If You Had Bought i.century Holding (HKG:8507) Shares A Year Ago You’d Have Made 16%

If you want to compound wealth in the stock market, you can do so by buying an index fund. But investors can boost returns by picking market-beating companies to own shares in. For example, the i.century Holding Limited (HKG:8507) share price is up 16% in the last year, clearly besting the market return of around -0.4% (not including dividends). That’s a solid performance by our standards! Note that businesses generally develop over the long term, so the returns over the last year might not reflect a long term trend.

See our latest analysis for i.century Holding

i.century Holding wasn’t profitable in the last twelve months, it is unlikely we’ll see a strong correlation between its share price and its earnings per share (EPS). Arguably revenue is our next best option. Generally speaking, companies without profits are expected to grow revenue every year, and at a good clip. That’s because it’s hard to be confident a company will be sustainable if revenue growth is negligible, and it never makes a profit.
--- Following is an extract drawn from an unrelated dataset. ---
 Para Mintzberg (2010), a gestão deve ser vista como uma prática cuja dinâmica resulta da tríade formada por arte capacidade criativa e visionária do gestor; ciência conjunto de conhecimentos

i.century Holding actually shrunk its revenue over the last year, with a reduction of 5.9%. The stock is up 16% in that time, a fine performance given the revenue drop. We can correlate the share price rise with revenue or profit growth, but it seems the market had previously expected weaker results, and sentiment around the stock is improving.
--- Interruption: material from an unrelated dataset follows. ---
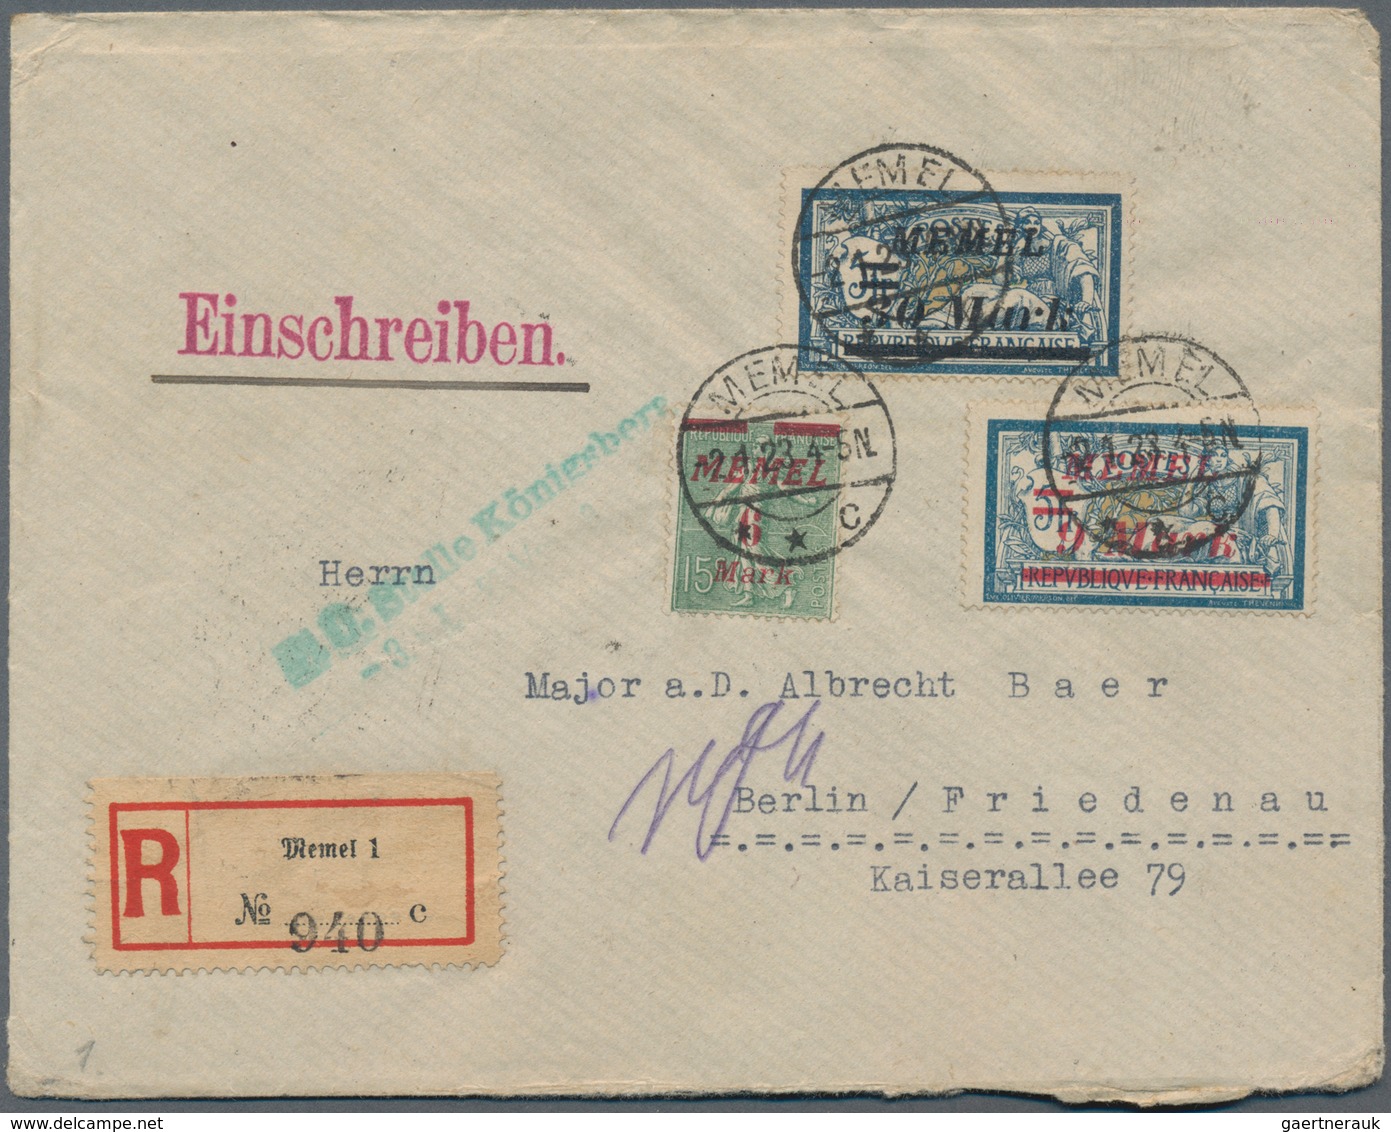 Deutsches Reich - Nebengebiete: 1900/1957 (ca.), vielseitige Partie von ca. 120 Briefen/Karten/Ganzs

The company’s revenue and earnings (over time) are depicted in the image below (click to see the exact numbers).

SEHK:8507 Income Statement, January 29th 2020
SEHK:8507 Income Statement, January 29th 2020

If you are thinking of buying or selling i.century Holding stock, you should check out this FREE detailed report on its balance sheet.

A Different Perspective

i.century Holding boasts a total shareholder return of 16% for the last year. And the share price momentum remains respectable, with a gain of 13% in the last three months. Demand for the stock from multiple parties is pushing the price higher; it could be that word is getting out about its virtues as a business. While it is well worth considering the different impacts that market conditions can have on the share price, there are other factors that are even more important. To that end, you should learn about the 5 warning signs we’ve spotted with i.century Holding (including 3 which is shouldn’t be ignored) .
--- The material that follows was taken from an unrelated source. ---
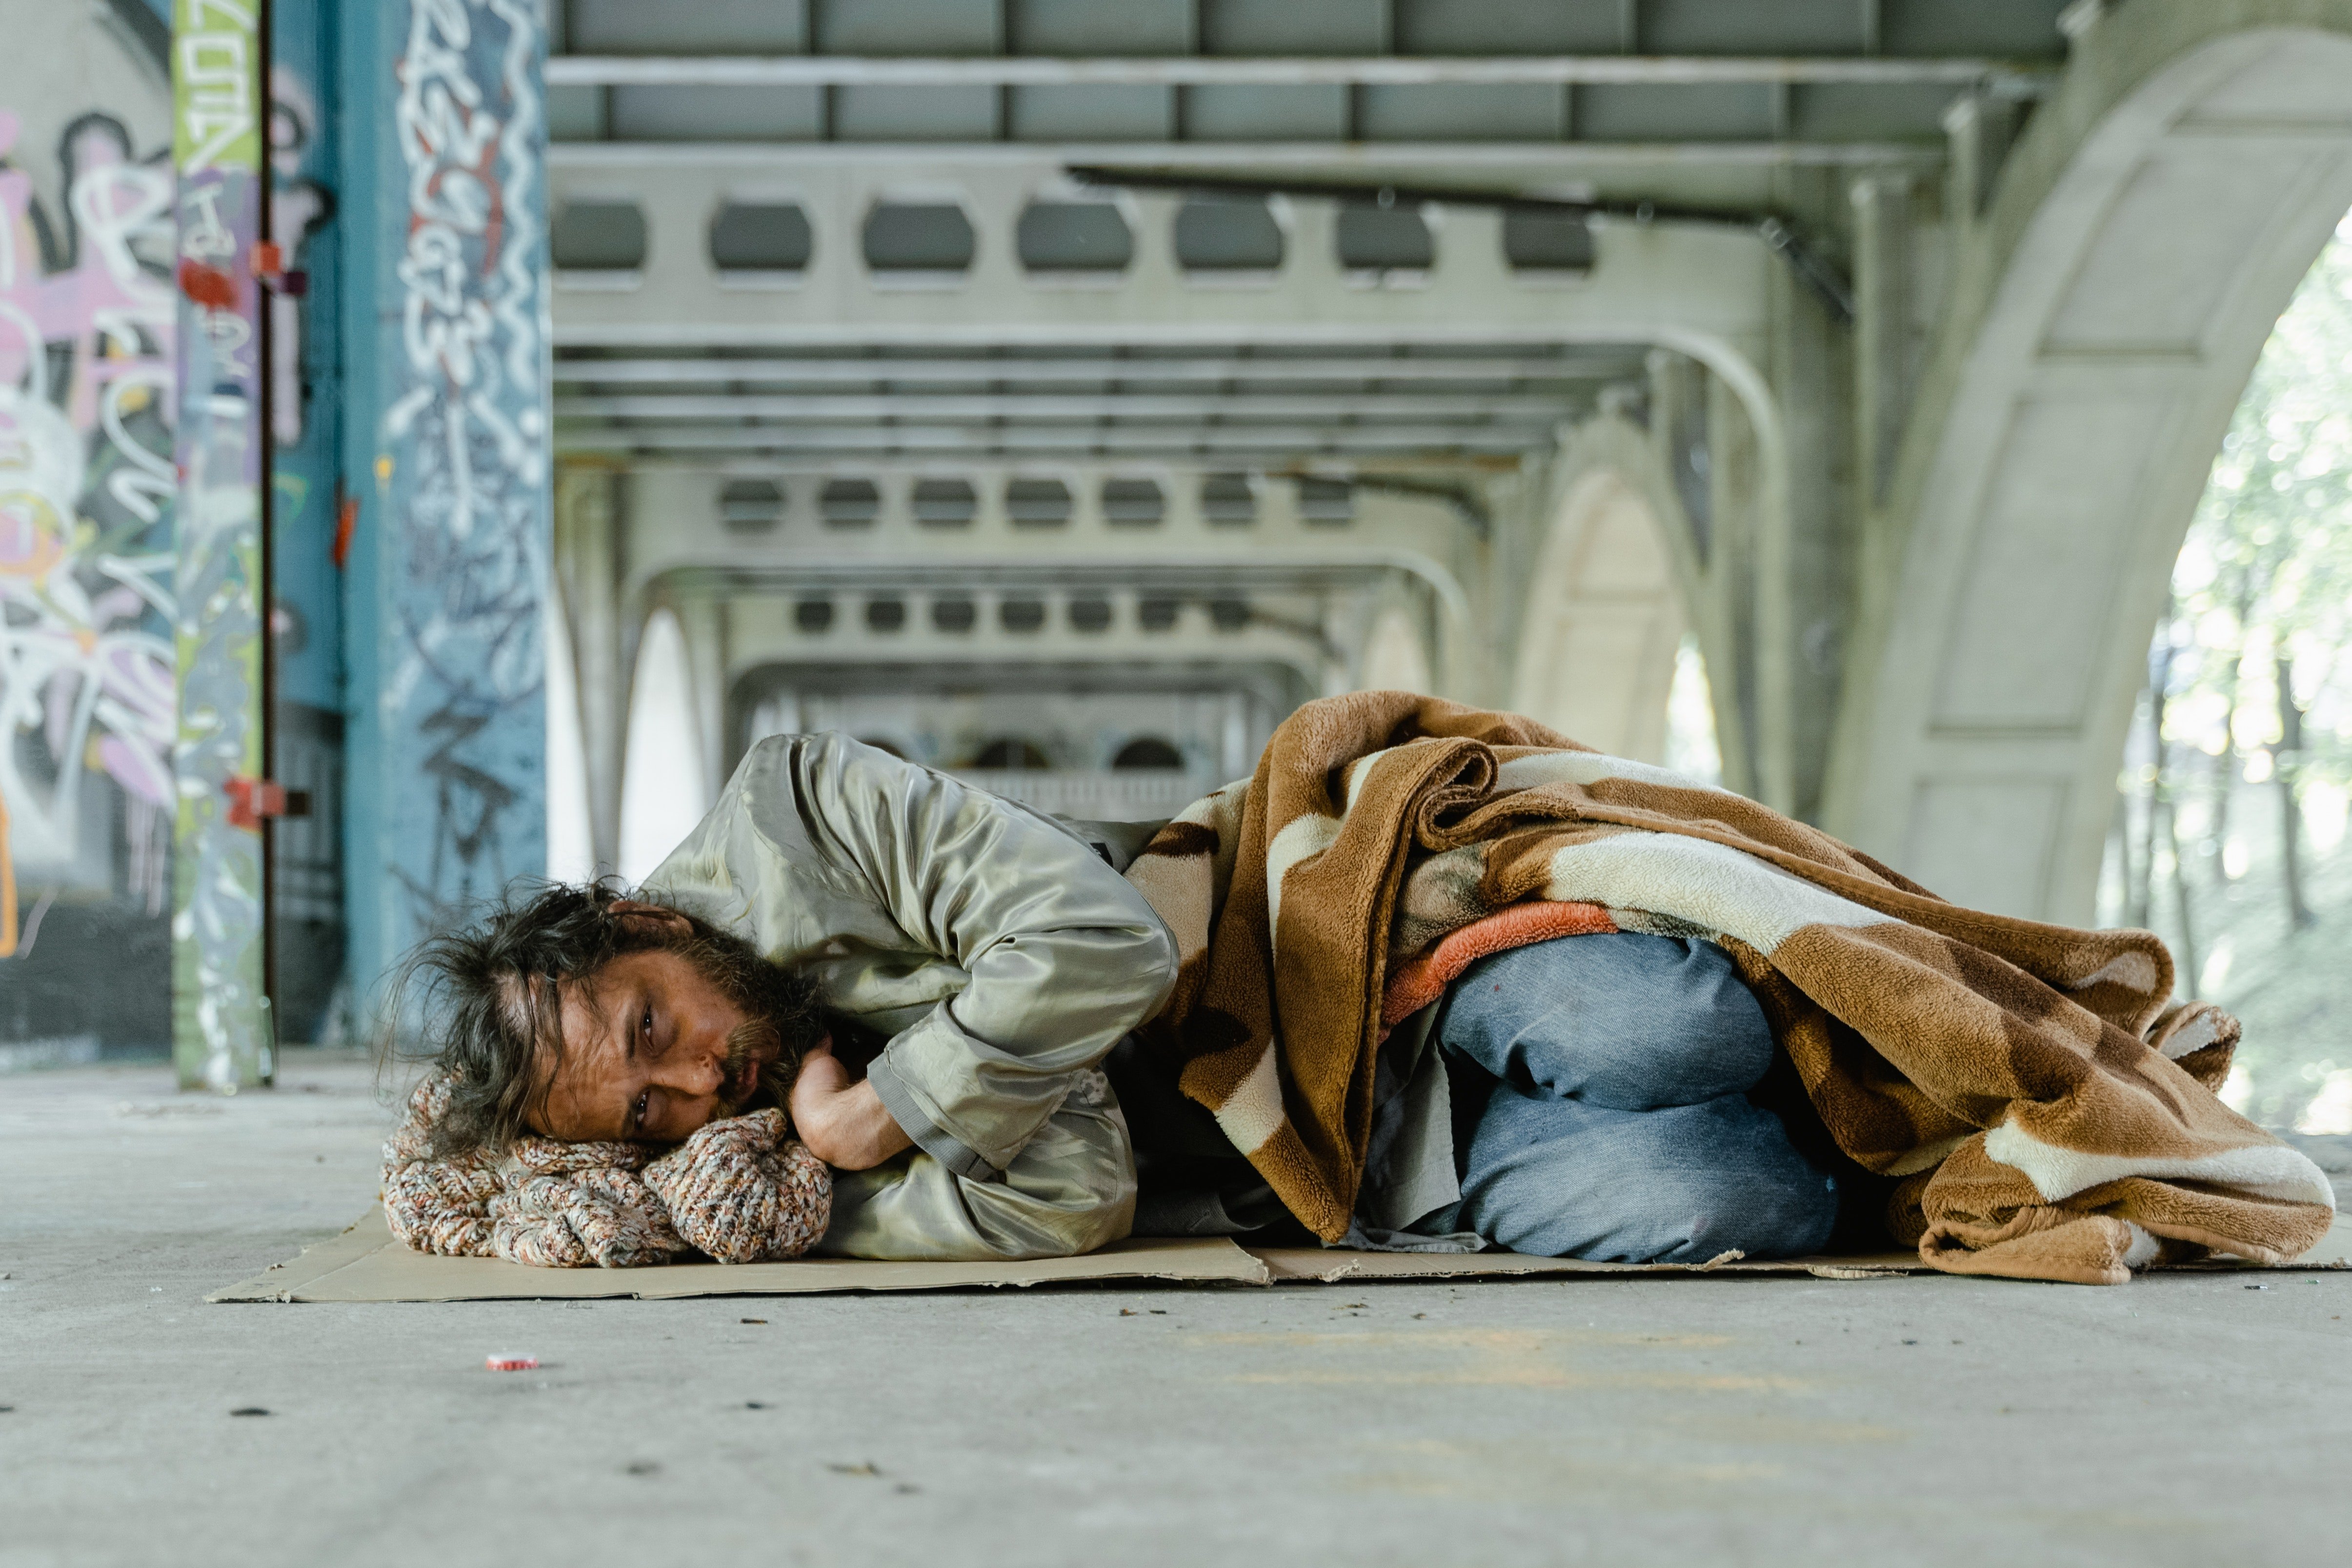 Der Obdachlose dankte Kevin für die Rettung | Quelle: Pexels

If you are like me, then you will not want to miss this free list of growing companies that insiders are buying.

Please note, the market returns quoted in this article reflect the market weighted average returns of stocks that currently trade on HK exchanges.

If you spot an error that warrants correction, please contact the editor at editorial-team@simplywallst.com. This article by Simply Wall St is general in nature. It does not constitute a recommendation to buy or sell any stock, and does not take account of your objectives, or your financial situation. Simply Wall St has no position in the stocks mentioned.

We aim to bring you long-term focused research analysis driven by fundamental data. Note that our analysis may not factor in the latest price-sensitive company announcements or qualitative material. Thank you for reading.